Legislative Assembly for the ACT: 2000 Week 7 Hansard (29 June) . . Page.. 2216 ..


MR BERRY (continuing):

There was no excuse for what occurred to Floriade. For years and years it was a free festival, and then it was treated to a display of adhocery that I have never seen before by an events manager who was serious about the future of an event. If you did not belong to this place and hope that you knew better, you would think that somebody was trying to destroy the festival. Part of the great festival atmosphere of that event has always been the myriads of Canberra people who turn up to join with interstate visitors.

MR SPEAKER: Order! The member's time has expired. You may take your second period, Mr Berry.

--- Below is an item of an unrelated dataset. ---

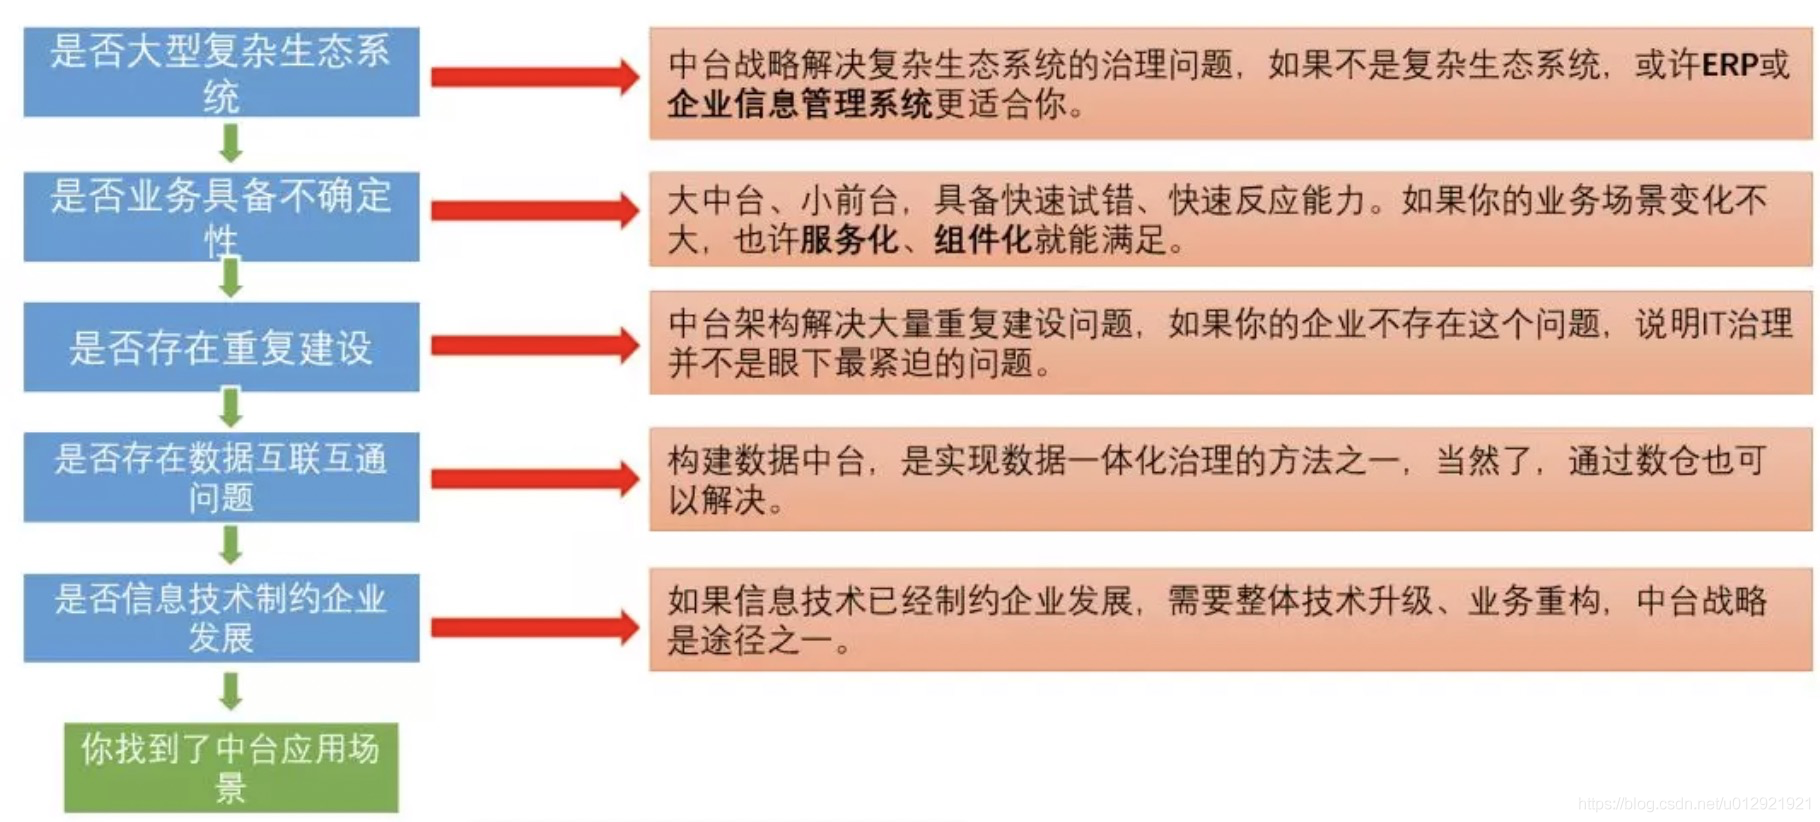 https://img-blog.csdnimg.cn/20200514093254399.png?x-oss-process=image/watermark,type_ZmFuZ3poZW5naGVpdGk,shadow_10,text_aHR0cHM6Ly9ibG9nLmNzZG4ubmV0L3UwMTI5MjE5MjE=,size_16,color_FFFFFF,t_70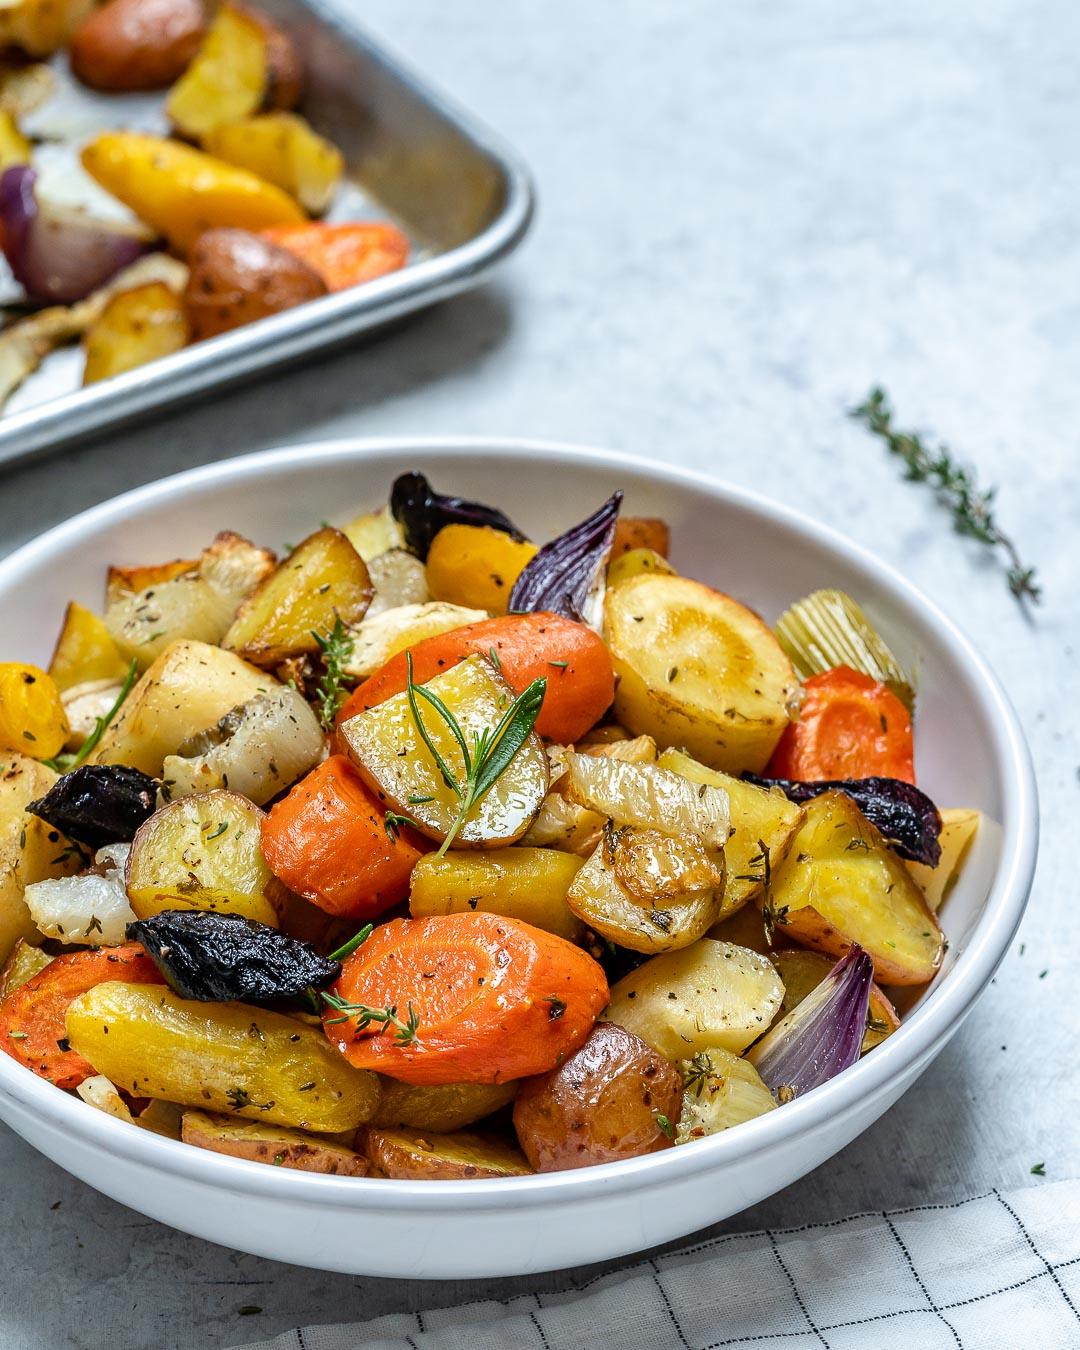 Eat Clean Rosemary Roasted Root Vegetables Clean Food Crush

MR BERRY: Those myriads may not appear again. That is a sad thing for Floriade, which I think depended on the atmosphere that was created by the tens of thousands of Canberrans who visited the festival and gave it an ambience which was valued by interstate visitors. Keeping Canberrans out of the festival or charging them exorbitant fees diminished the attraction of the festival. That is a measure of the style of this government which people are reminded about too often.

I will not go into the Feel the Power campaign. I searched the car yard for Feel the Power numberplates recently. They do not seem to be so prominent any more. I could not find one.

Mr Quinlan: Not even on a sports car?

MR BERRY: Not even on a low-slung, two-door coupe. I heard the praises of those numberplates sung in chorus over there when it was a matter for discussion in this place. People paraded them around the car park outside with gay abandon. It seems that Feel the Power is bit on the nose these days and we will not see any more of that. Mind you, I did see the plane fly overhead one day, but it was flying too high and too fast for me to see what was written on the side of it. I am not sure what it had written on the side of it. I could not get any value from that either.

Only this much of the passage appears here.